WEEKLY MARKET OUTLOOK FOR JAN 15 THRU JAN 19, 2018
After many range bound oscillations in the previous week,
the benchmark NIFTY50 ended the week with a small up-tick as it ended with net
gains of 122.40 points or 1.16%. Most of the entire previous week was spent by
the Markets consolidating in a defined range after it achieved its breakout
from the 10490 zones. In the coming week, we might see the Markets continuing
to trade in a defined range with a upward bias. As indicated by F&O data,
the NIFTY is likely to advance to test its 24-month rising trend line and
following that, might see some corrective moves. The possibility of the NIFTY
testing levels of 10750-10800 zones cannot be ruled out, though it may do so
amid intermittent minor corrective moves.

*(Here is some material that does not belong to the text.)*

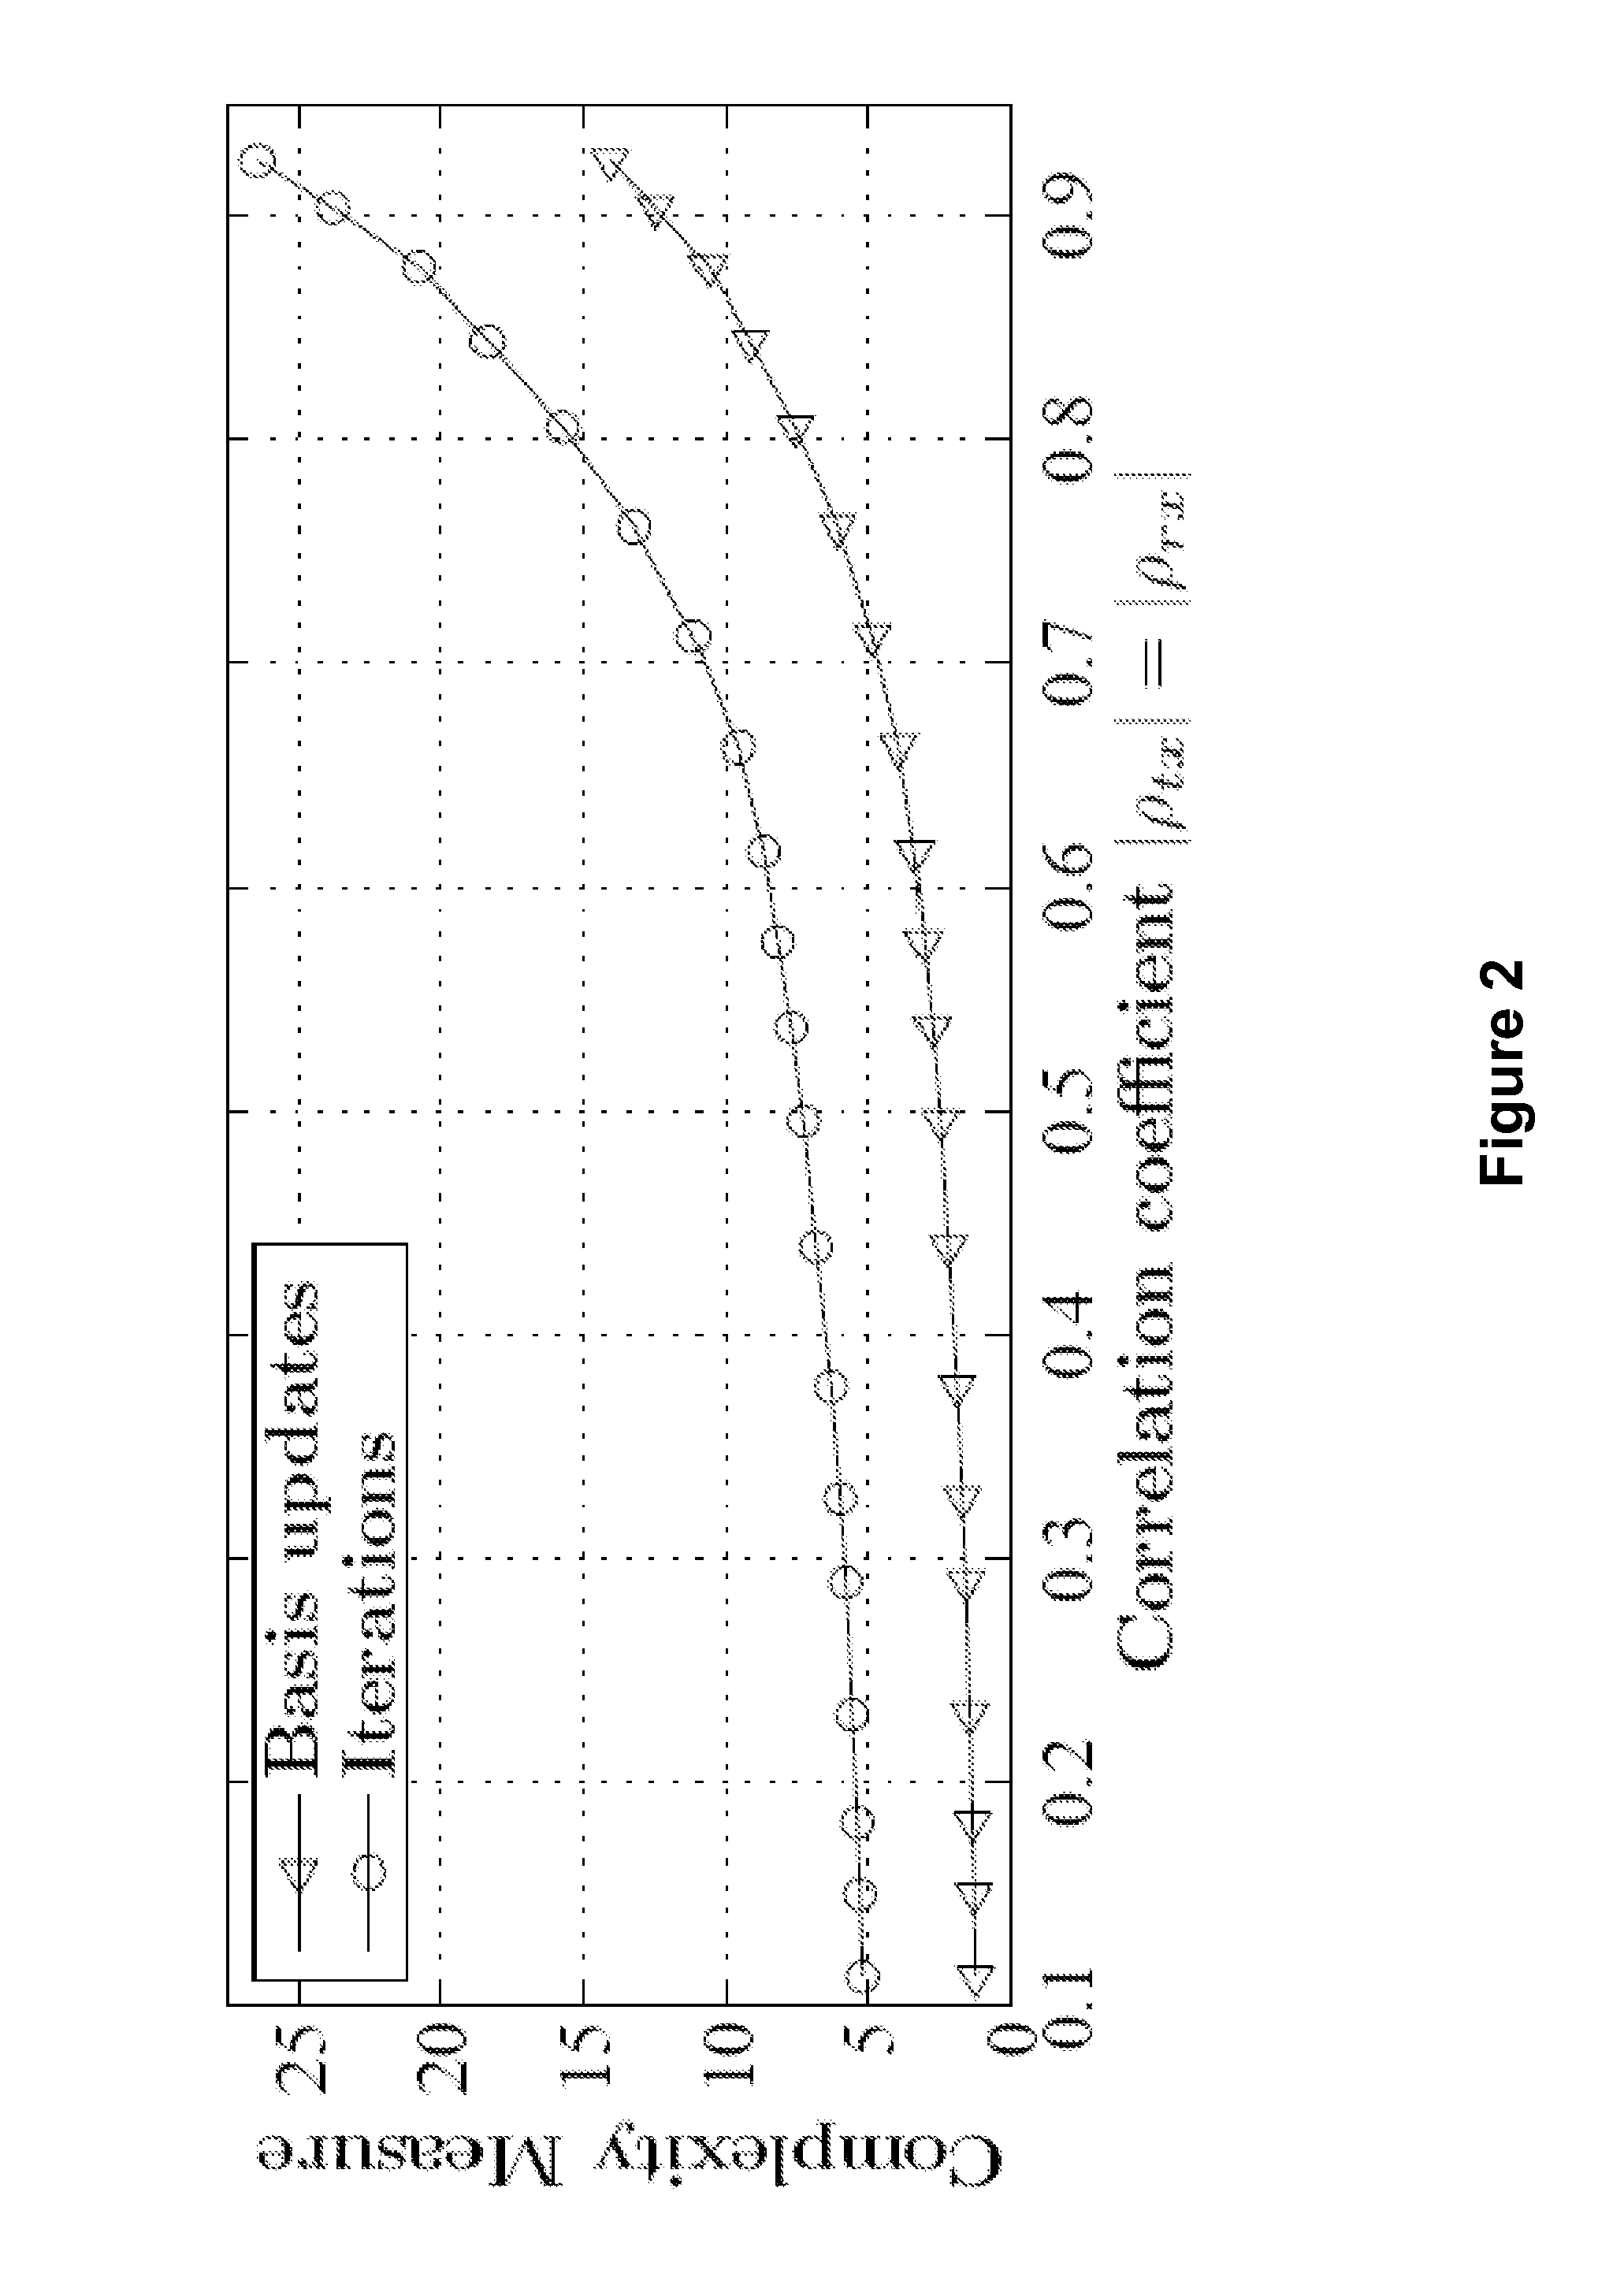 Incremental lattice reduction systems and methods

The coming week will see the levels of 10750 and 10835
levels acting as possible resistance on the upside. Supports are likely to come
in at 10600 and 10535 levels.
The Relative Strength Index – RSI on the Weekly Chart is
68.8730. A Bearish Divergence is observed as the NIFTY formed a fresh 14-period
high while the RSI did not. Weekly MACD is bullish as it trades above its
signal line. A Rising Window occurred on Candles. This is essentially gap and
often results into continuation of up move.
The pattern analysis shows that the up move in NIFTY remains
secularly in place. It is continuing to post higher highs amid intermittent
consolidations and it may continue to doing so. However, around 10800-mark, it
may face very stiff resistance to its 24-month long upward rising trend line.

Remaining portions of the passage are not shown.